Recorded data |
--
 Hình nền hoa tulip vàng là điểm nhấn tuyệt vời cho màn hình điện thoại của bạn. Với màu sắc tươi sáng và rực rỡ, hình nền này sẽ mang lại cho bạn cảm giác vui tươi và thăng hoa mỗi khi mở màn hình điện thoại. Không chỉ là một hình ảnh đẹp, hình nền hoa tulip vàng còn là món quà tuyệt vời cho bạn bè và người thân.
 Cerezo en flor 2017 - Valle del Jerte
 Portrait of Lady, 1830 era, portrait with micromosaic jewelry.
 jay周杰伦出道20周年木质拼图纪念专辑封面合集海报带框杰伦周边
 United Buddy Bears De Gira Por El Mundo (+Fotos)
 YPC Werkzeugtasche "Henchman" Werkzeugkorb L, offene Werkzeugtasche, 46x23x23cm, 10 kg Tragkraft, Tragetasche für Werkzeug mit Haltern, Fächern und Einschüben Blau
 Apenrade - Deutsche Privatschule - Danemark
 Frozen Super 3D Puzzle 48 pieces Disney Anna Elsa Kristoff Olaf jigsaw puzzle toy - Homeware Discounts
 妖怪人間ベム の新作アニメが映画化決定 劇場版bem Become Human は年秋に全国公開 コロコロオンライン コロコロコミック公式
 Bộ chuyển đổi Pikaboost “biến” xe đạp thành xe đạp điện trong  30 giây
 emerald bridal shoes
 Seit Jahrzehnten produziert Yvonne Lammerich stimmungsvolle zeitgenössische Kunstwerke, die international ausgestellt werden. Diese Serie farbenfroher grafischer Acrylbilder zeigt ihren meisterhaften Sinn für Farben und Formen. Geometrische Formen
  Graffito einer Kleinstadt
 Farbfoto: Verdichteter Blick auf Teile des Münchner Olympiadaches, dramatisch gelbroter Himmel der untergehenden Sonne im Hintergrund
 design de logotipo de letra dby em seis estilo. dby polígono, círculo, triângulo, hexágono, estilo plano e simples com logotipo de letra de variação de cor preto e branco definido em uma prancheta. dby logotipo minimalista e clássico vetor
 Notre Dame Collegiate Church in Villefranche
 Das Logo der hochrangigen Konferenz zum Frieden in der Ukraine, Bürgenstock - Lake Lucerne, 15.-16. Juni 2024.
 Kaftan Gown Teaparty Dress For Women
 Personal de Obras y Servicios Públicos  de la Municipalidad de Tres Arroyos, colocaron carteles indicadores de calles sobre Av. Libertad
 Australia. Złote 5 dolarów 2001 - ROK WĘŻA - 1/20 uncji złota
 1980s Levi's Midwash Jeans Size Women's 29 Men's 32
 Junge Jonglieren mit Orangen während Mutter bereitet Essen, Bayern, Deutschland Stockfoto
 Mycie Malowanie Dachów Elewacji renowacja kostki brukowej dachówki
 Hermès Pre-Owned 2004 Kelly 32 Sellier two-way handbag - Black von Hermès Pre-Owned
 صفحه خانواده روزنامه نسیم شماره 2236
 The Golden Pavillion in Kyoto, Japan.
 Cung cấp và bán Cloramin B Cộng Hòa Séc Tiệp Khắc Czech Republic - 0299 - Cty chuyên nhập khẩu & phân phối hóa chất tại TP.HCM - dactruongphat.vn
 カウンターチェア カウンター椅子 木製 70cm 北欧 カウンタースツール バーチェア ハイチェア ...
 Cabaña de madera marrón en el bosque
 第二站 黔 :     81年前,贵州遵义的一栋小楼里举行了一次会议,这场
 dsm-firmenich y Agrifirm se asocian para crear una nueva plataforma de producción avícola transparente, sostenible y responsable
--
TRY IT |
In the records above, find every line with the word "điện" and copy it.

SOLUTION FOR THIS TASK |
 Hình nền hoa tulip vàng là điểm nhấn tuyệt vời cho màn hình điện thoại của bạn. Với màu sắc tươi sáng và rực rỡ, hình nền này sẽ mang lại cho bạn cảm giác vui tươi và thăng hoa mỗi khi mở màn hình điện thoại. Không chỉ là một hình ảnh đẹp, hình nền hoa tulip vàng còn là món quà tuyệt vời cho bạn bè và người thân.
 Bộ chuyển đổi Pikaboost “biến” xe đạp thành xe đạp điện trong  30 giây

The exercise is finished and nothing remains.